Any suggestions would be most appreciated.
Thanks Mike
I used to have a similar (wallenstein which is a top shelf kinda chipper) and anything that works against gravity is bad, if gravity fed:
- make sure knives / anvil are sharp and spaced properly (too much or too little will be no good)
- don't over stuff the hopper causing binding / friction on side of chute. gravity can't overcome
- dry wood / twigs feed poorly, mix with greener stuff or larger stuff so gravity can do its work. heavy stuff helps as gravity works better on heavy stuff
- if you have been chipping green pine or similar make sure the chute and other internals not sapped up / sticky and stopping gravity from doing what its supposed to do. Keep internals clean and shiny.
- run rpm at full 540. Mine sucked if throttled back. this was important on mine.
- when safe look inside to see if you have a bolt, flange, lip, etc.... that stuff could be hanging up on.

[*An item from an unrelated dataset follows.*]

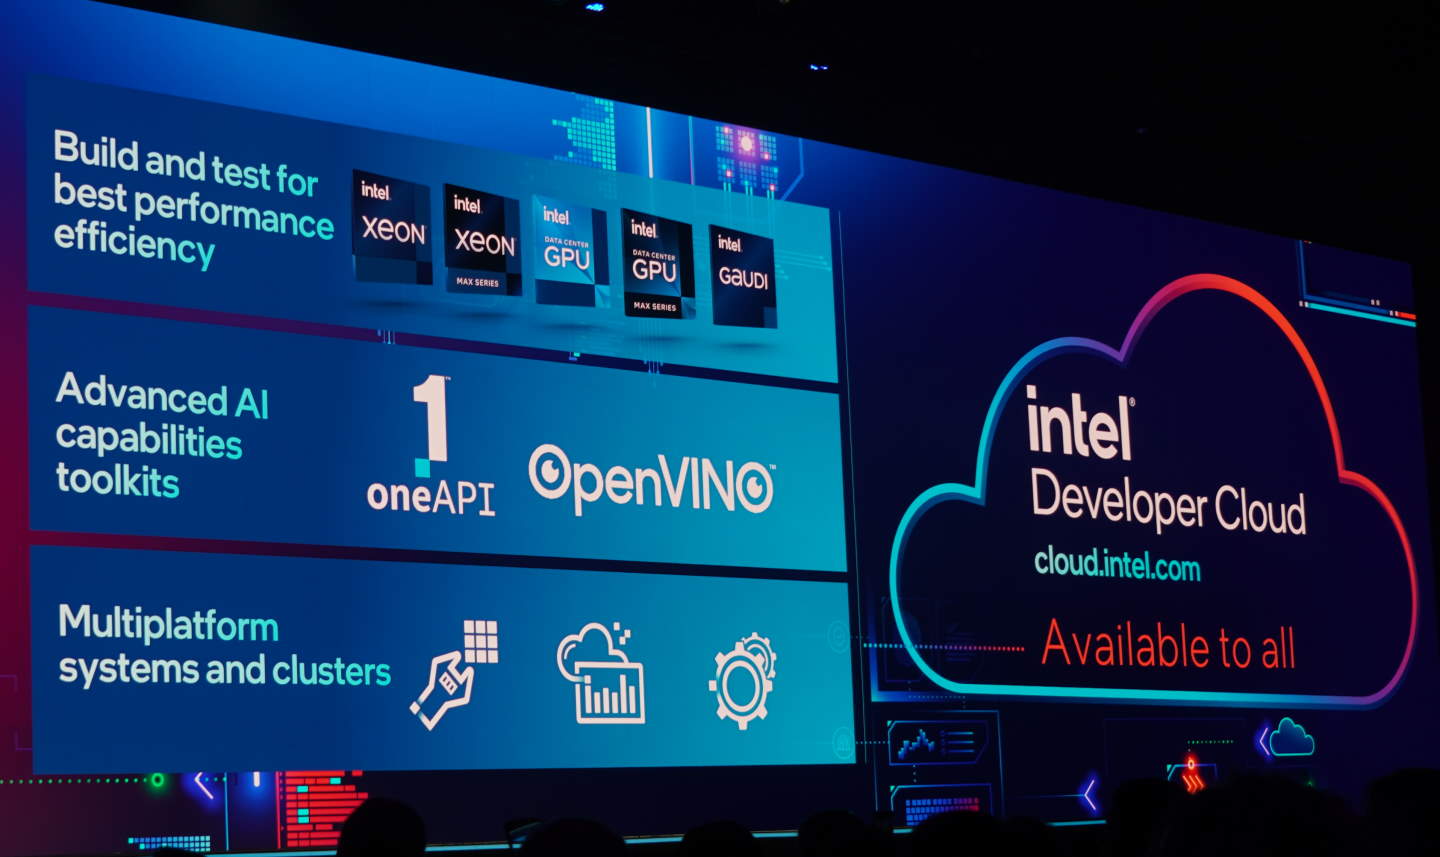 Intel Developer Cloud服務提供Xeon處理器、Xeon Max Series處理器、GPU、GPU Max Series和Gaudi 2 AI加速器各種最新的運算單元，並提供oneAPI、OpenVINO開發套件。

Everything inside hopper before the blades should be clean, smooth, not sticky, aligned, etc... so gravity can make its work.
- the alignment of infeed hopper to the body of the chipper is an area that can get out of alignment hanging material up
- gotta feed it slowly as pressure on the side of infeed chute can stop material from falling down onto blades.
- feed it fat end first
btw my gravity fed chipper / shredder is the only implement I was truly happy to see leave my yard.